WHAT YOU SHOULD DO: Your task is to repeat all of the data exactly while excluding the pictures.

SUPPLIED MATERIAL:
------------------------------------------------------------------------
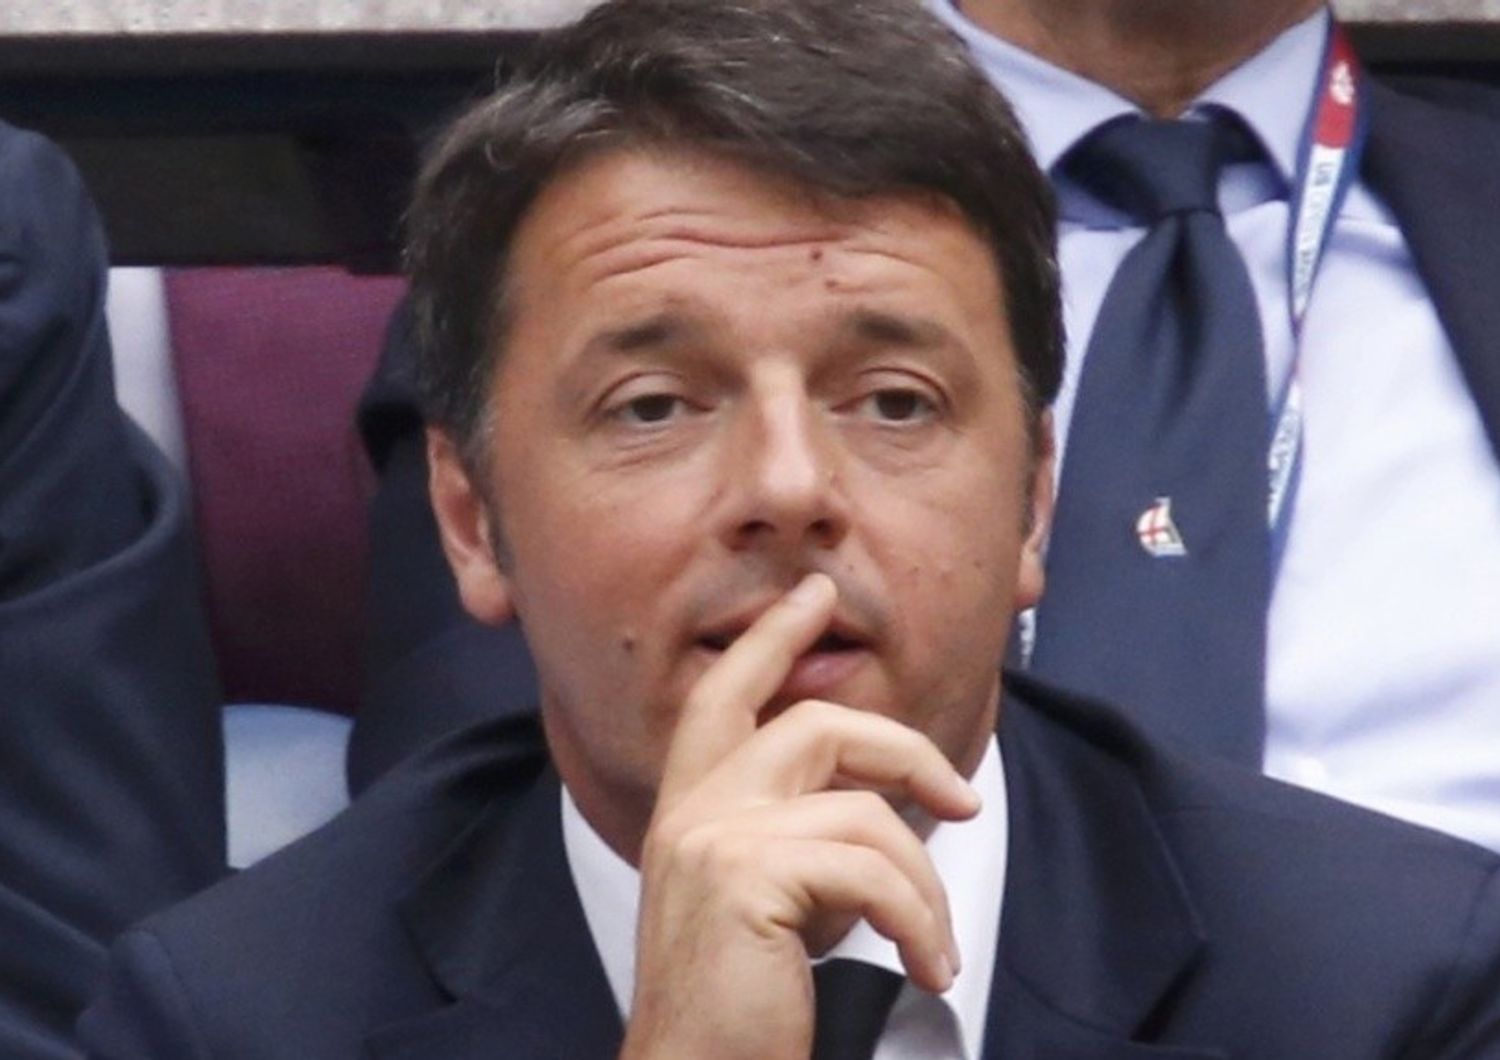 Riforme: Renzi, abbiamo i numeri"Tiro dritto, e' in gioco la ripresa"
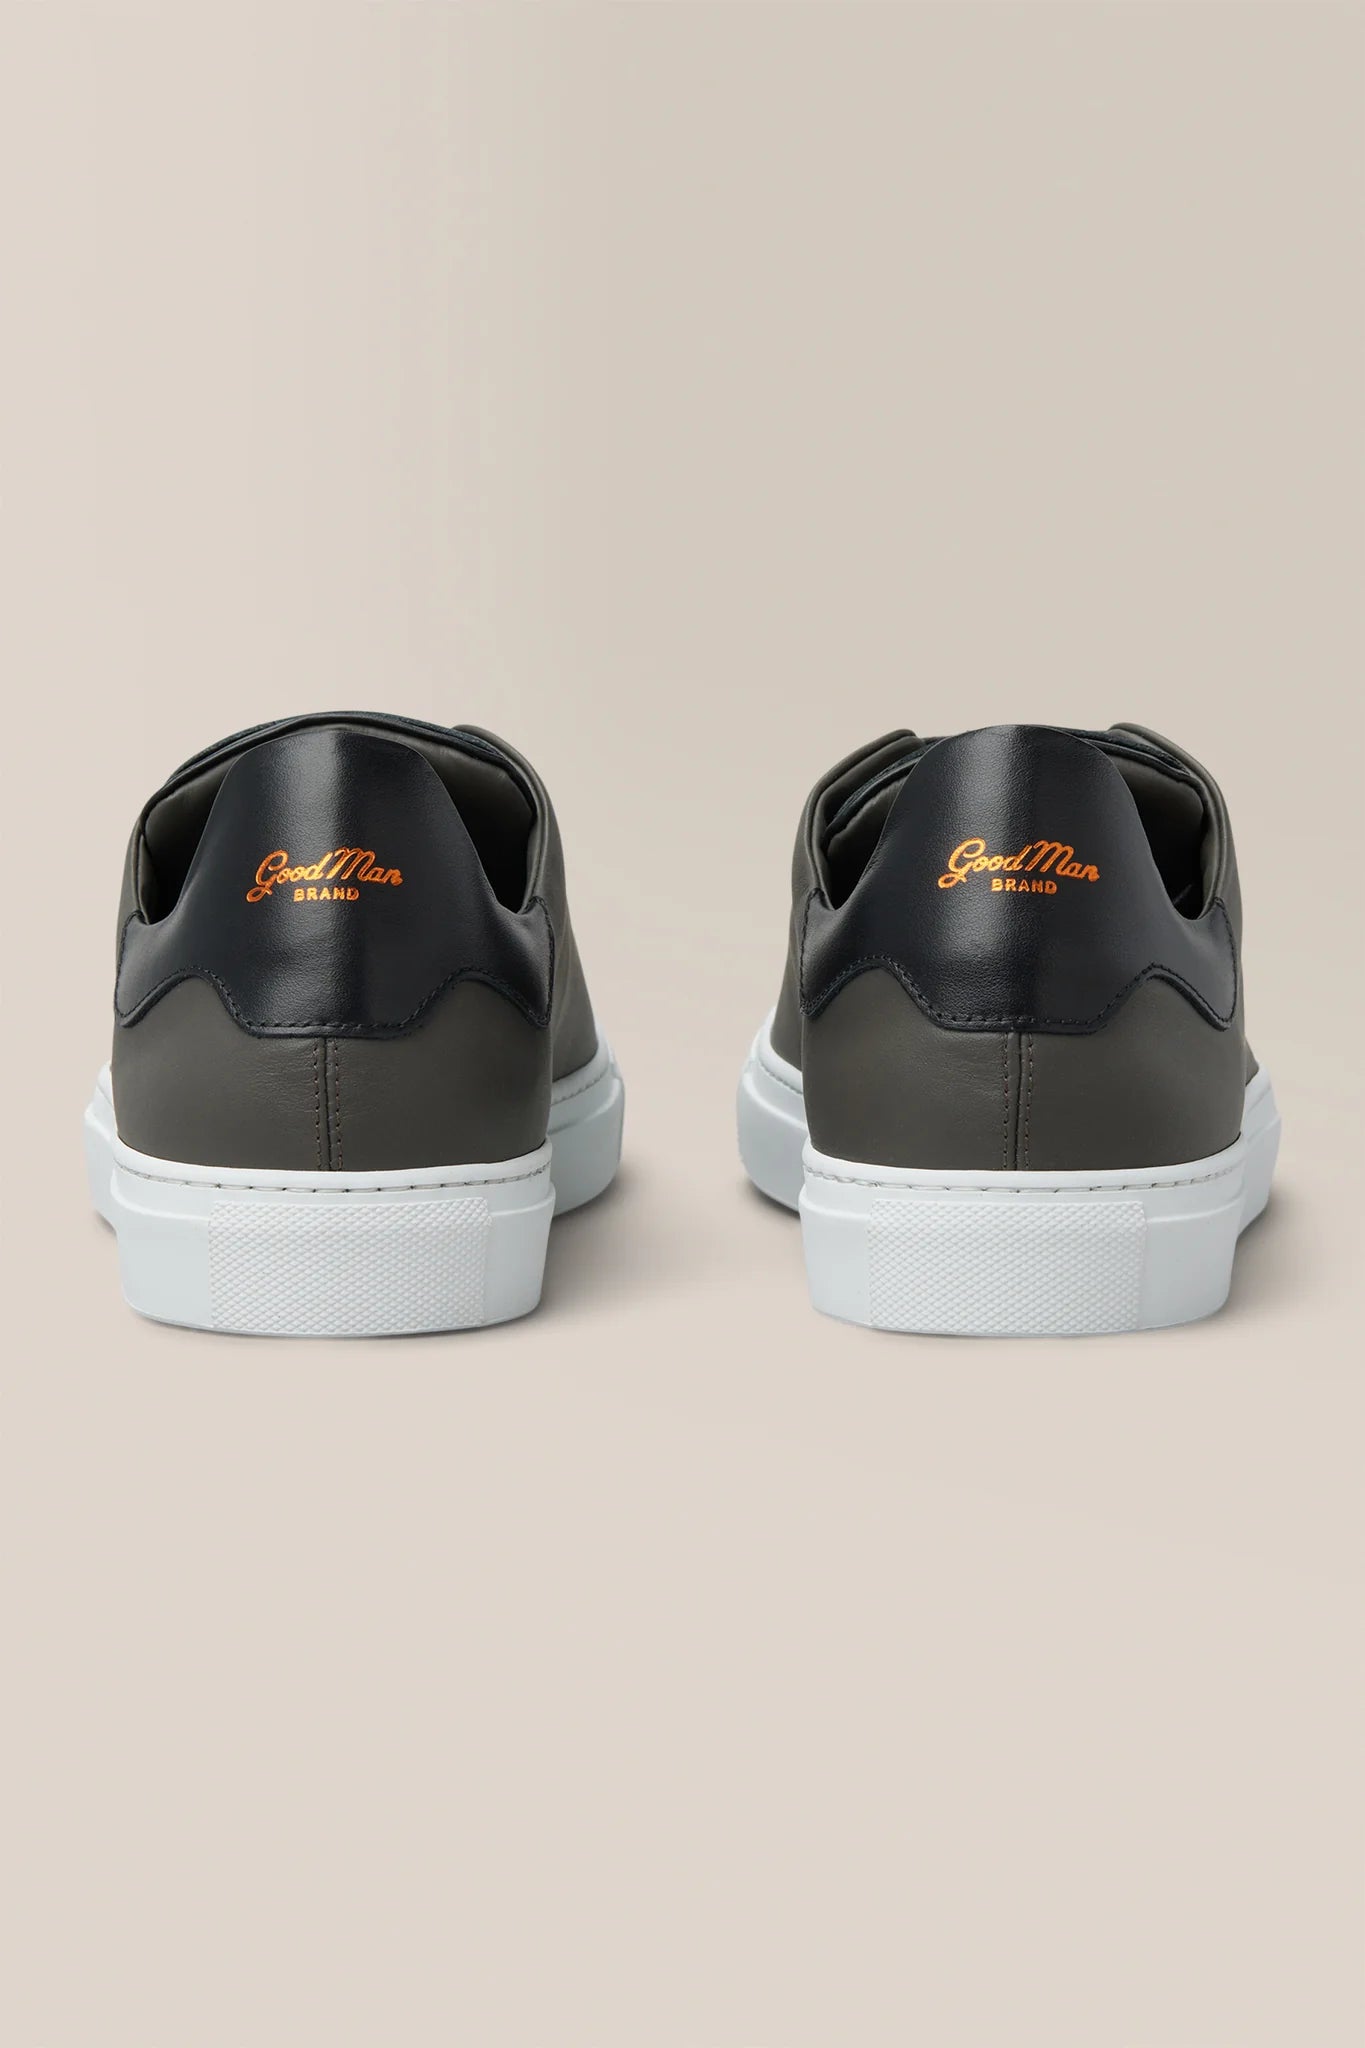 GoodMan Brand Legend Z Lo Top Sneaker G97Z-11
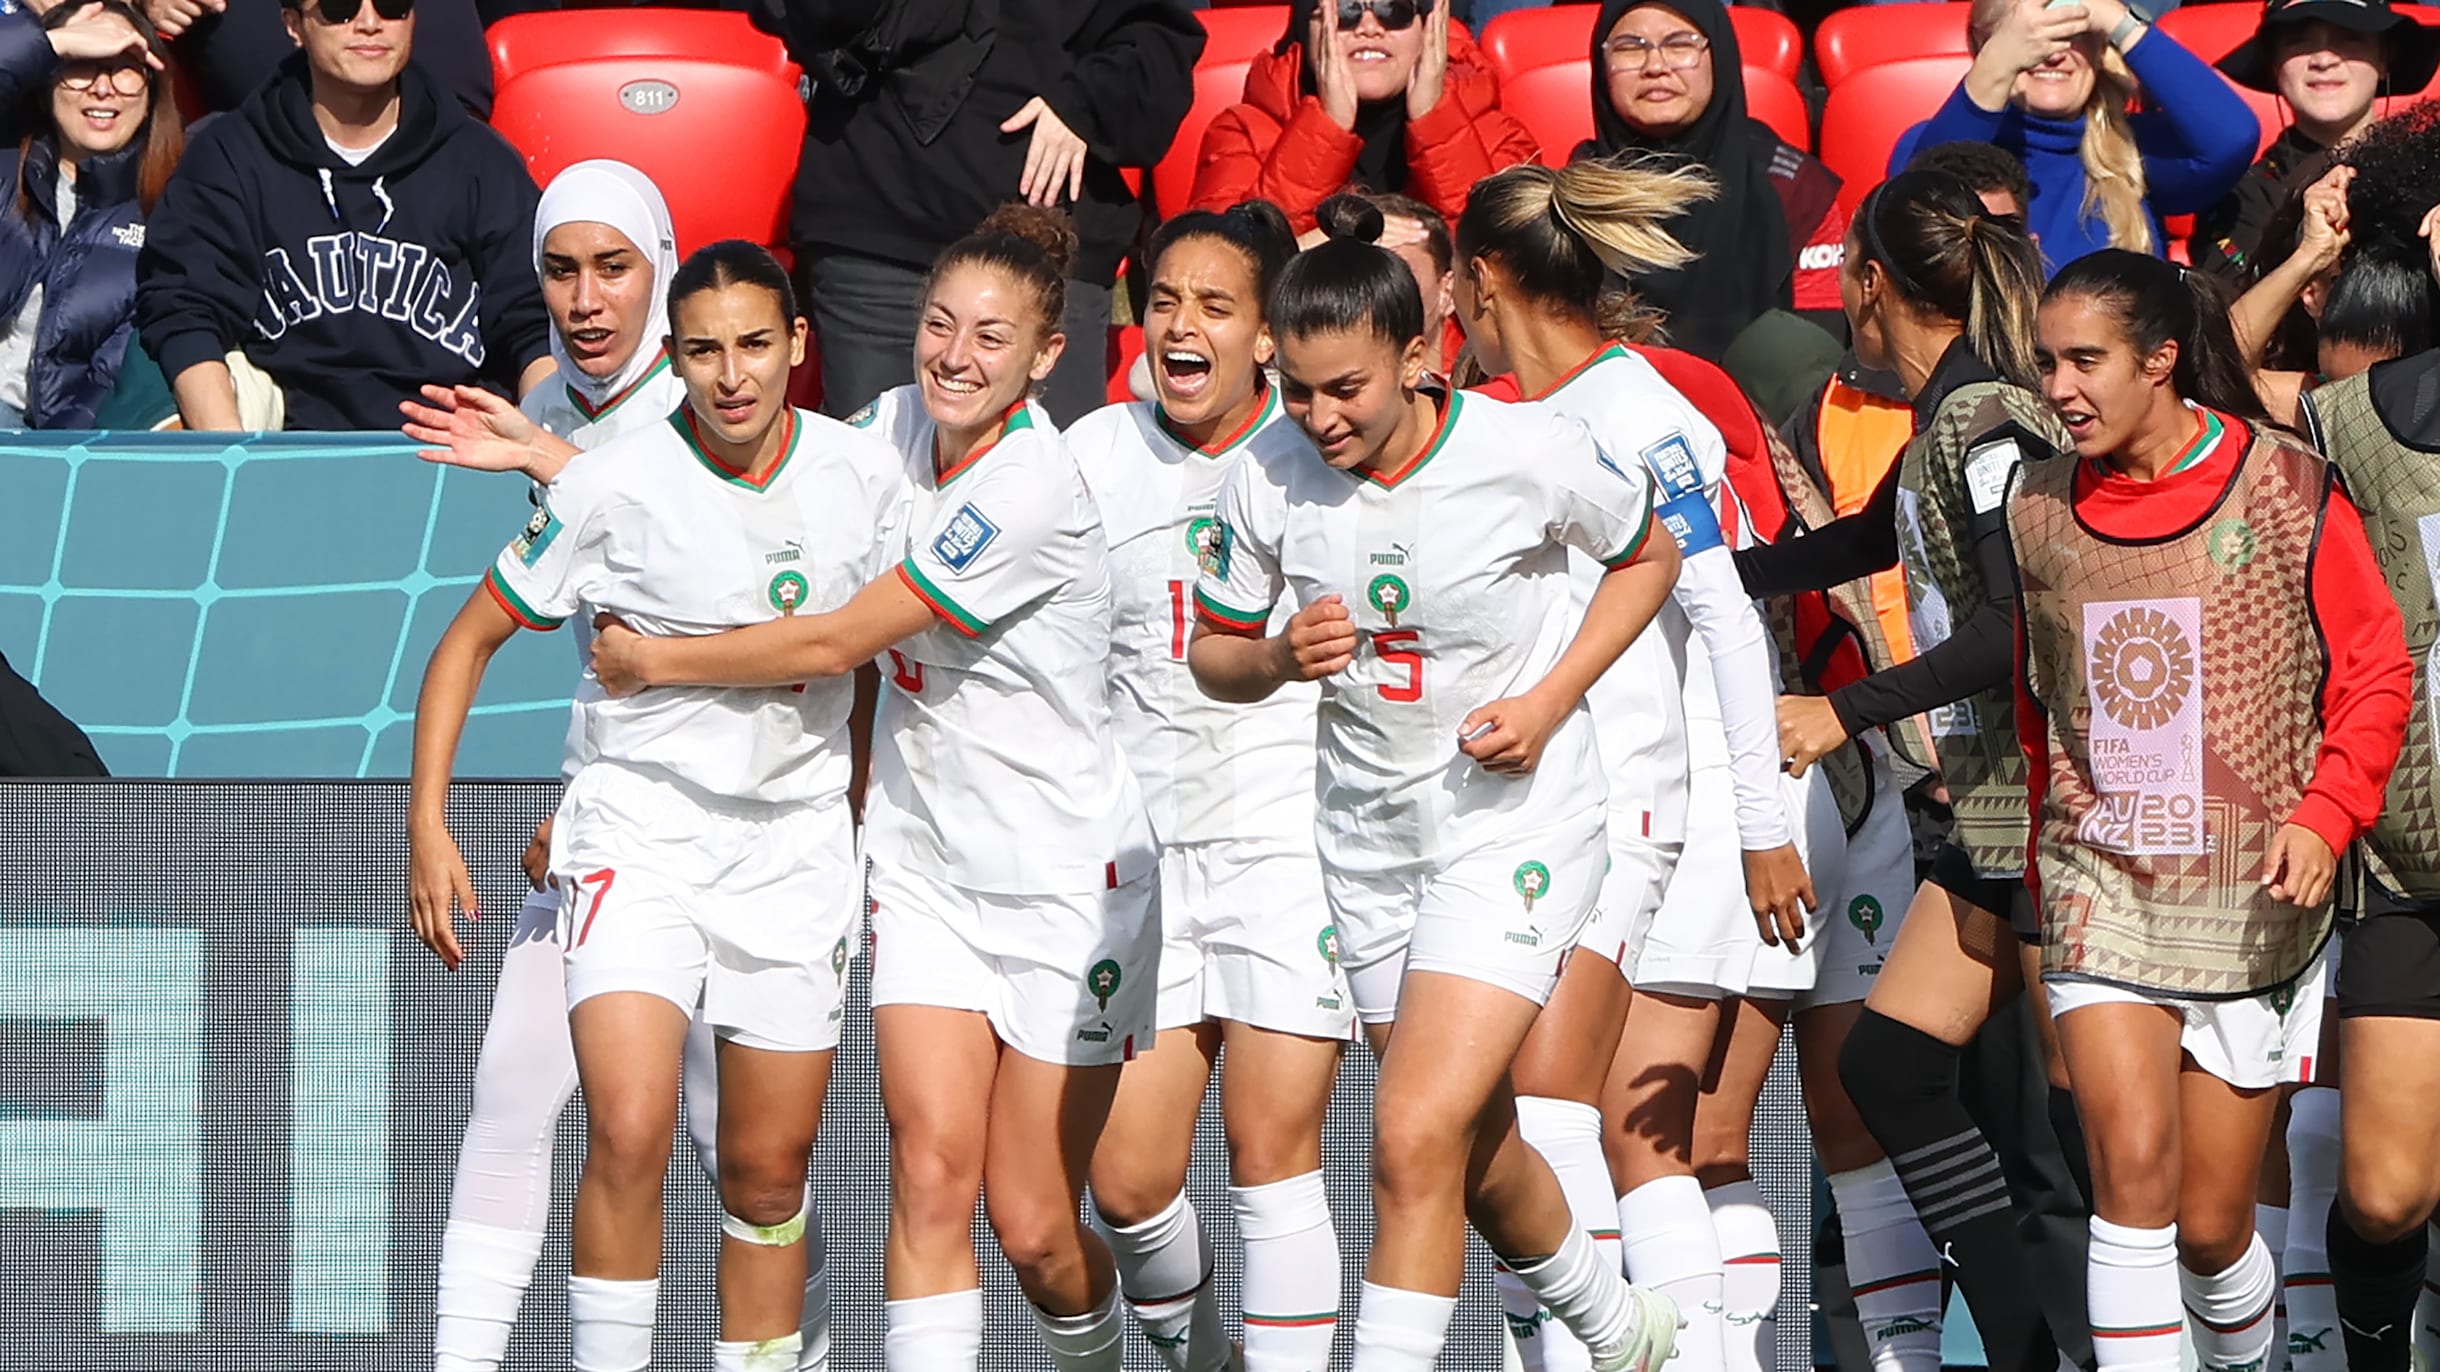 Maroc / Rétrospectives 2023 : Le football rayonne, l’athlétisme retrouve son éclat et l’art noble s’élève à l’échelle mondiale
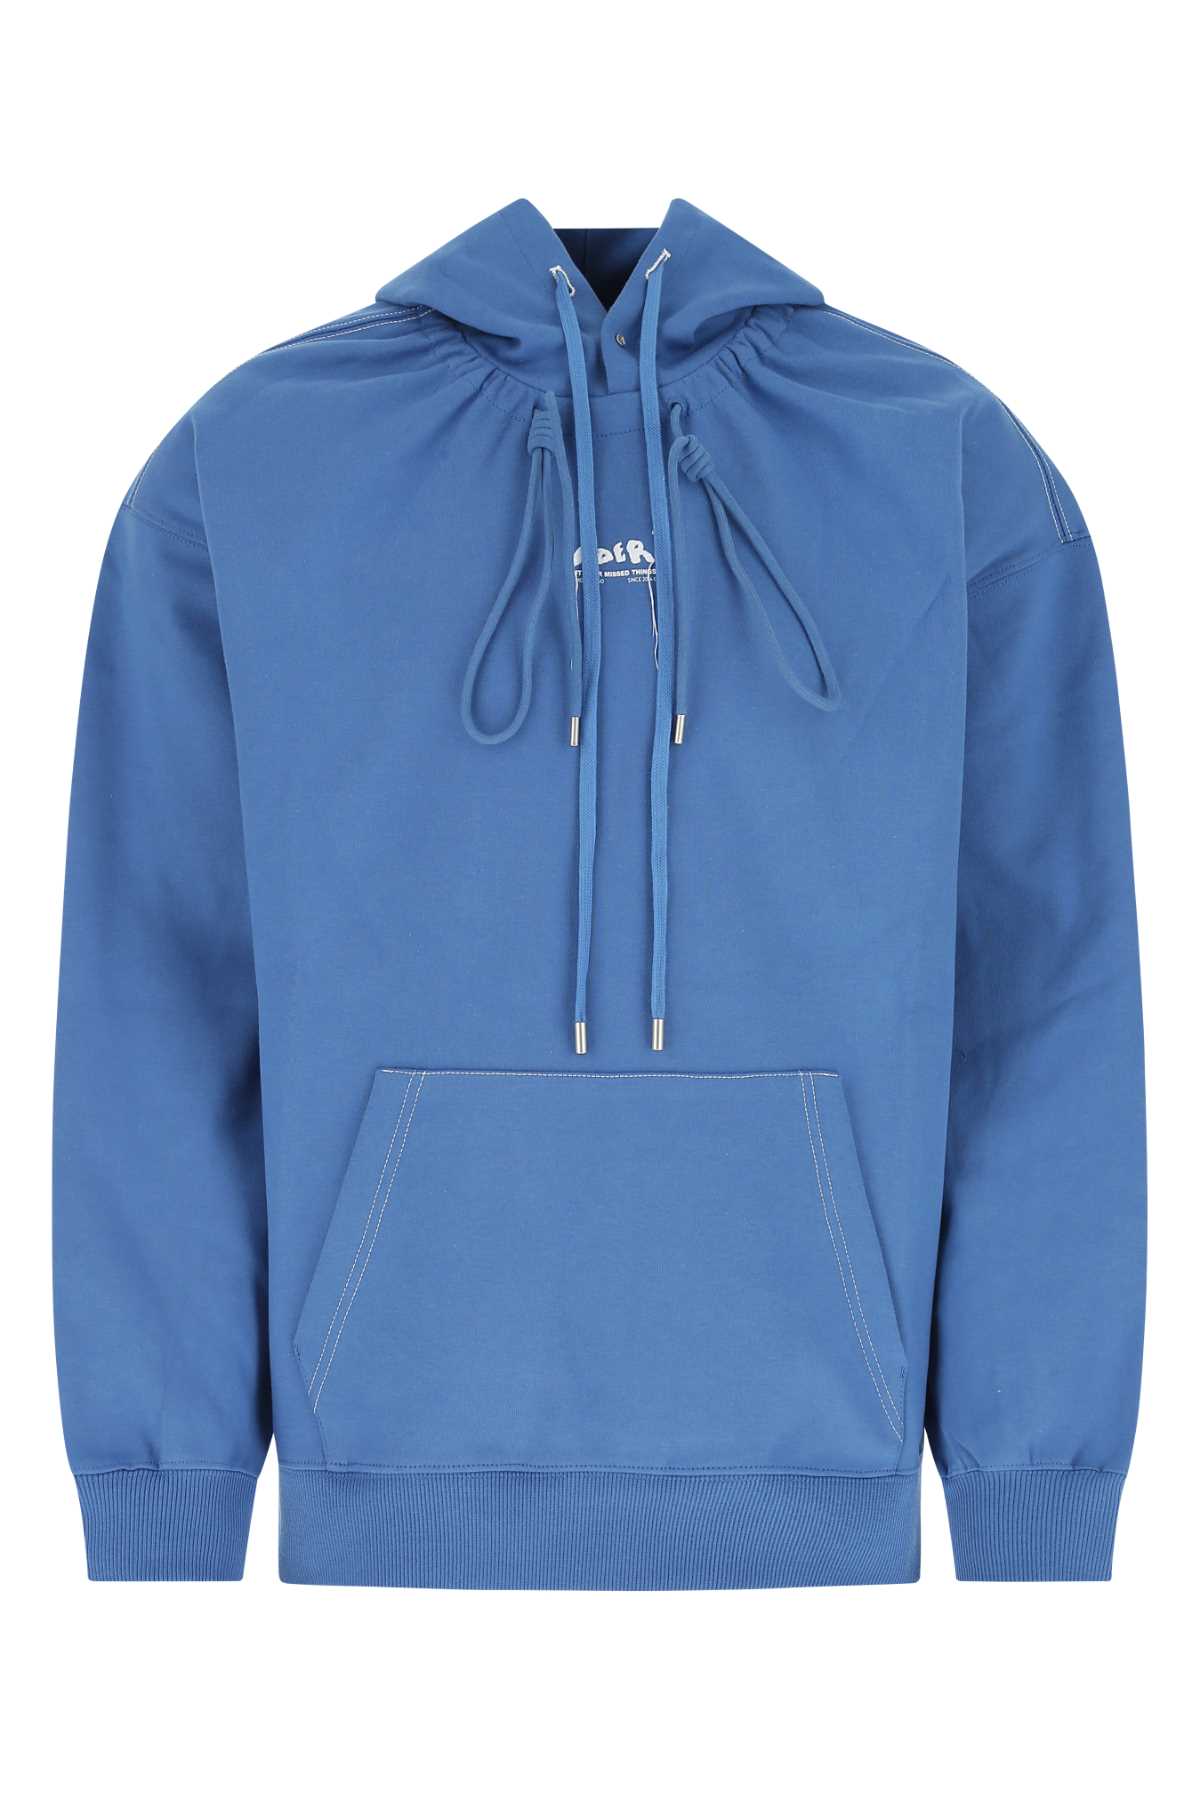 Shop Ader Error Cerulean Blue Cotton Blend Sweatshirt
------------------------------------------------------------------------
ANSWER BELOW:
 Riforme: Renzi, abbiamo i numeri"Tiro dritto, e' in gioco la ripresa"
 GoodMan Brand Legend Z Lo Top Sneaker G97Z-11
 Maroc / Rétrospectives 2023 : Le football rayonne, l’athlétisme retrouve son éclat et l’art noble s’élève à l’échelle mondiale
 Shop Ader Error Cerulean Blue Cotton Blend Sweatshirt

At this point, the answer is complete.